- Born: 10 April 1817 Lugano, Switzerland
- Died: 6 July 1890 (aged 73) Lugano, Switzerland
- Occupations: Printer, lithographer
- Known for: Printing business, public service
- Spouse: Demetria Foletti ​(m. 1845)​
- Parent(s): Francesco Veladini (father) Francesca Guioni (mother)
- Relatives: Pasquale Veladini (brother) Giovanni Antonio Veladini (brother)

= Antonio Veladini =

Swiss printer and politician

Antonio Veladini (10 April 1817 – 6 July 1890) was a Swiss printer, lithographer, and politician from Lugano in the canton of Ticino.

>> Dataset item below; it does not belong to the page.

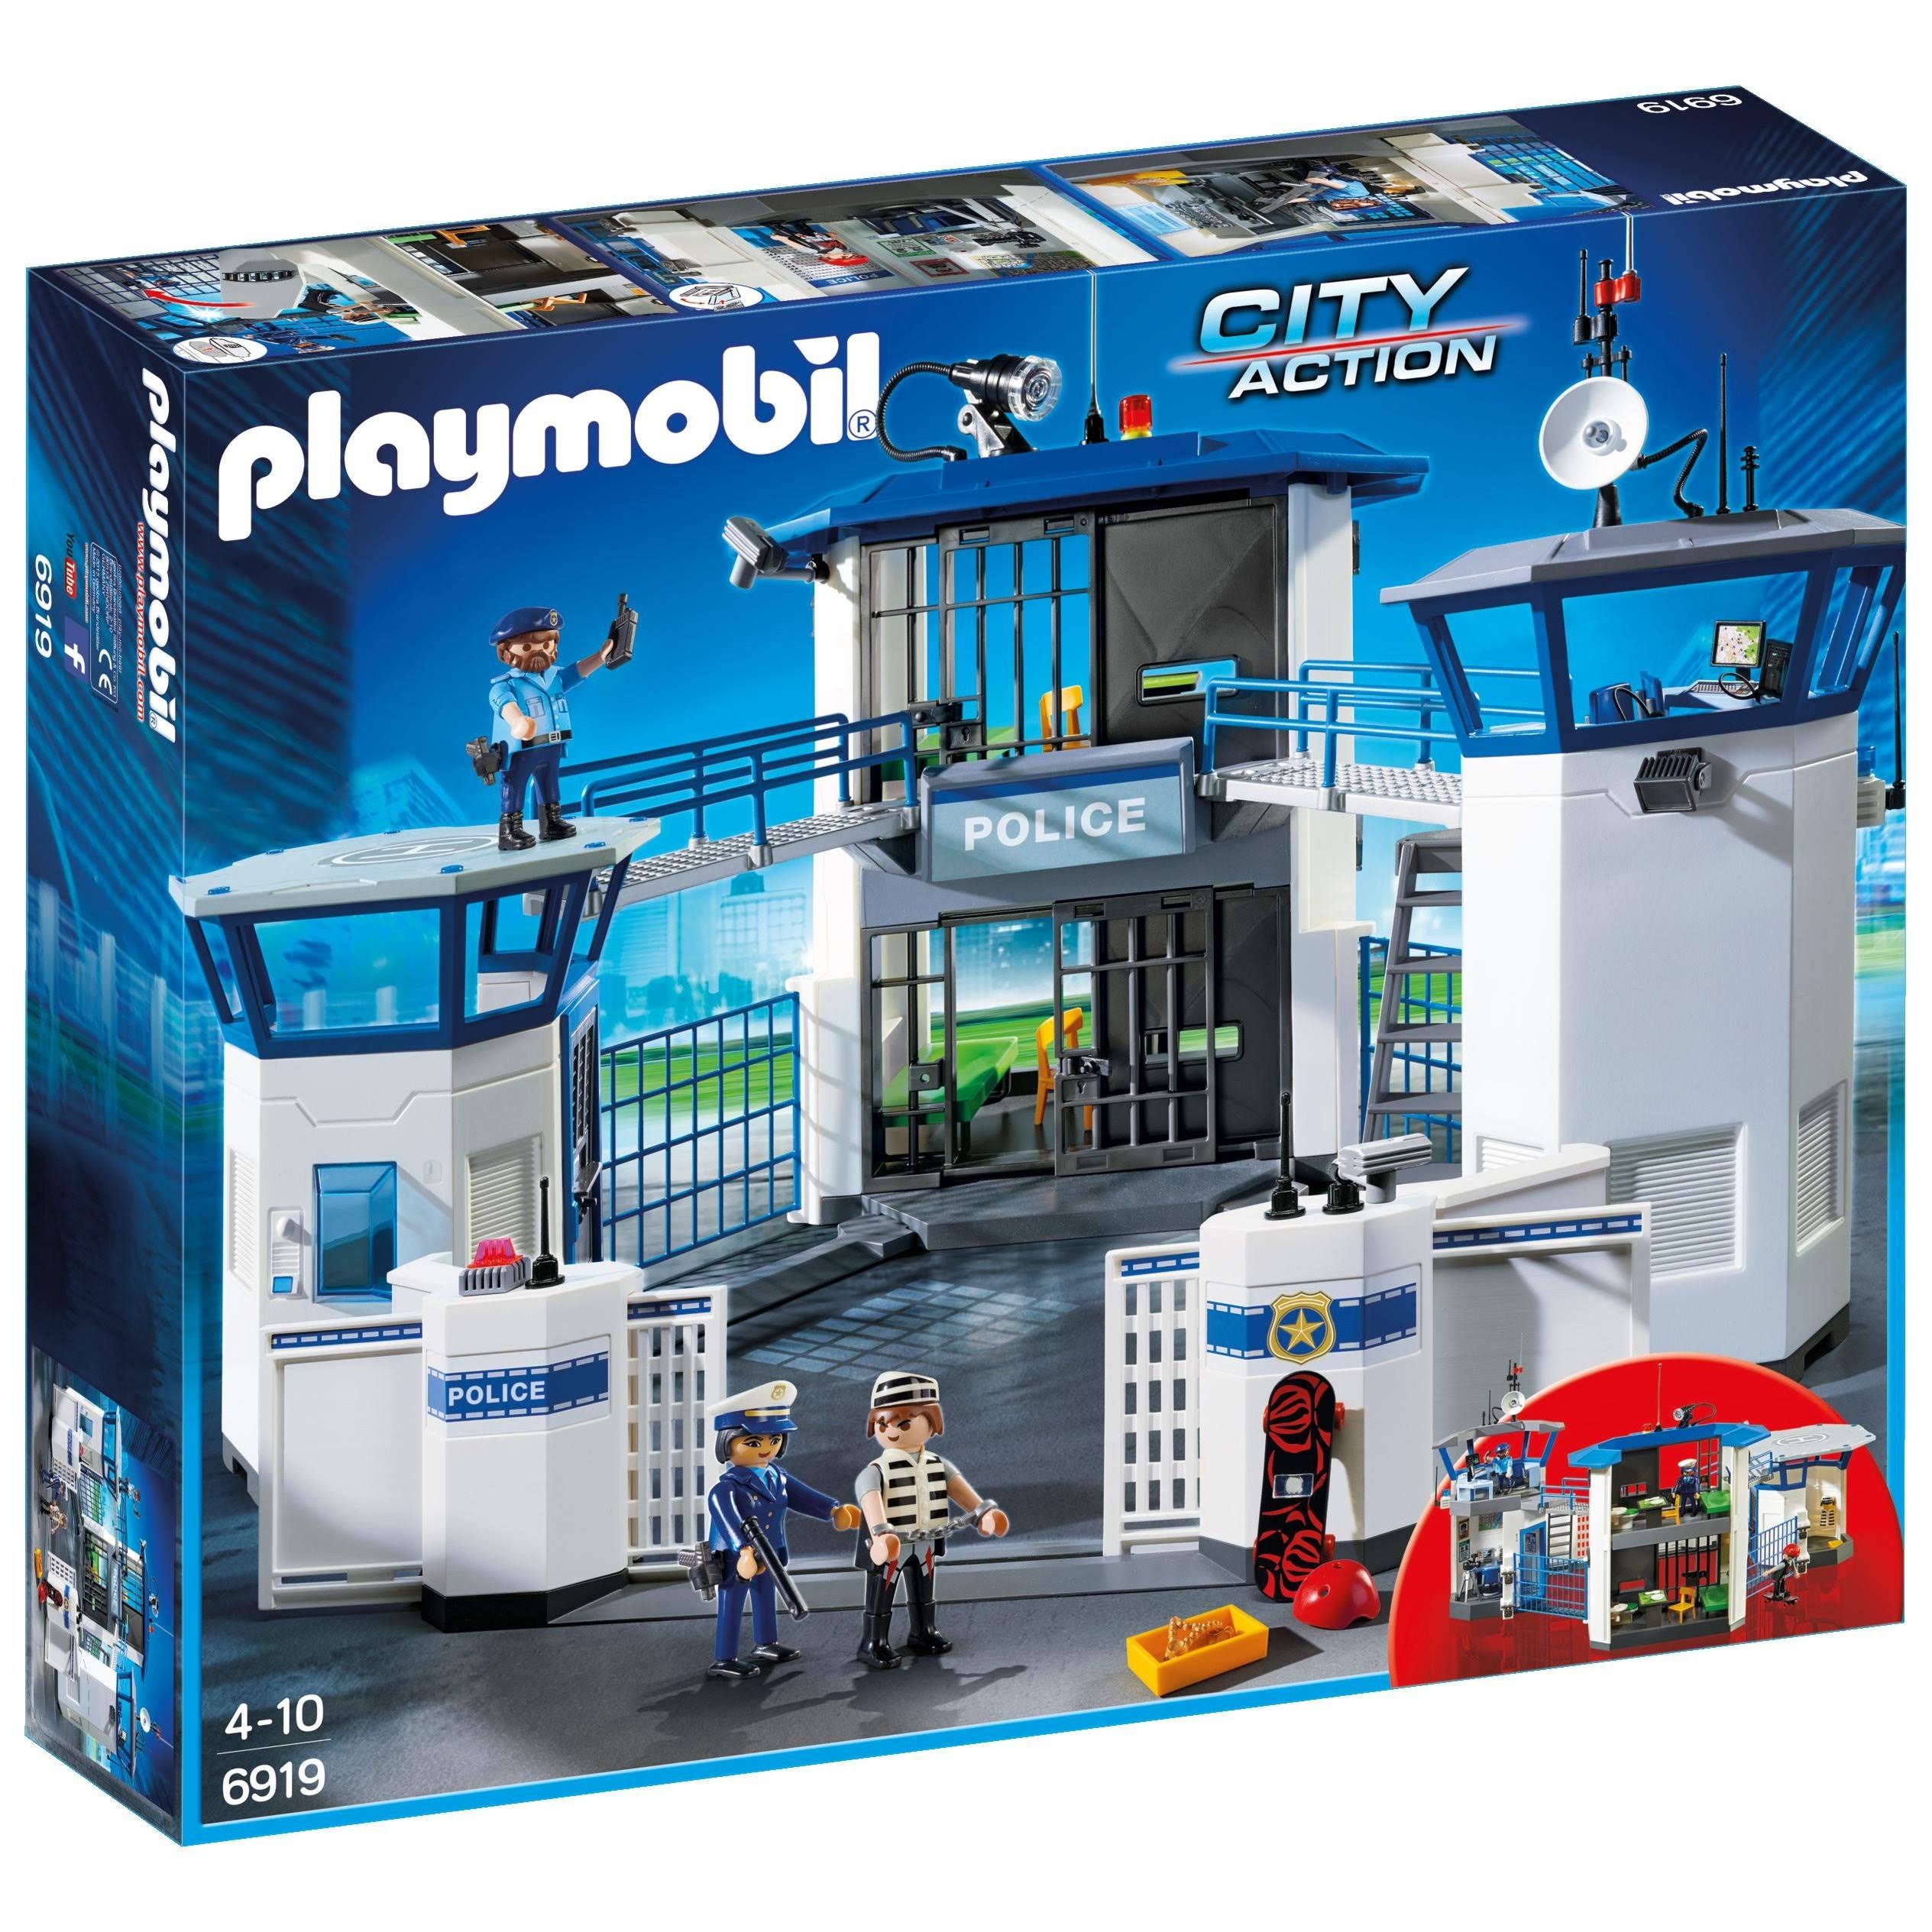 Playmobil City Action Police Station Play Set - 23" x 19.7"

== Early life and education ==
Veladini was born on 10 April 1817 in Lugano, the son of Francesco Veladini, a printer, and Francesca Guioni. He was Catholic and a citizen of Lugano. He attended the Collège Saint-Antoine in Lugano and the institute of Alberto Lamoni in Muzzano, before completing an apprenticeship as a typographer in Zurich. In 1845, he married Demetria Foletti.

== Career ==

=== Printing business ===
From 1836 to 1840, Veladini worked as an associate in his father's printing business (Veladini) alongside his brothers Pasquale and Giovanni Antonio. In 1843, he opened a small lithography workshop in Lugano.

=== Public service ===
Veladini served as a municipal councillor in Lugano and acted as deputy to his brother Giovanni Antonio in the latter's role as prefect. For many years, he held the position of keeper of the mortgage registry (conservatore delle ipoteche), but was dismissed by the conservative government in 1877. He also worked as an agent for the Ticino Cantonal Bank.

=== Other activities ===
Veladini was a member of the Demopedeutica (Society for Popular Education) from 1860 onwards. As an artillery officer, he participated in the Sonderbund War in 1847.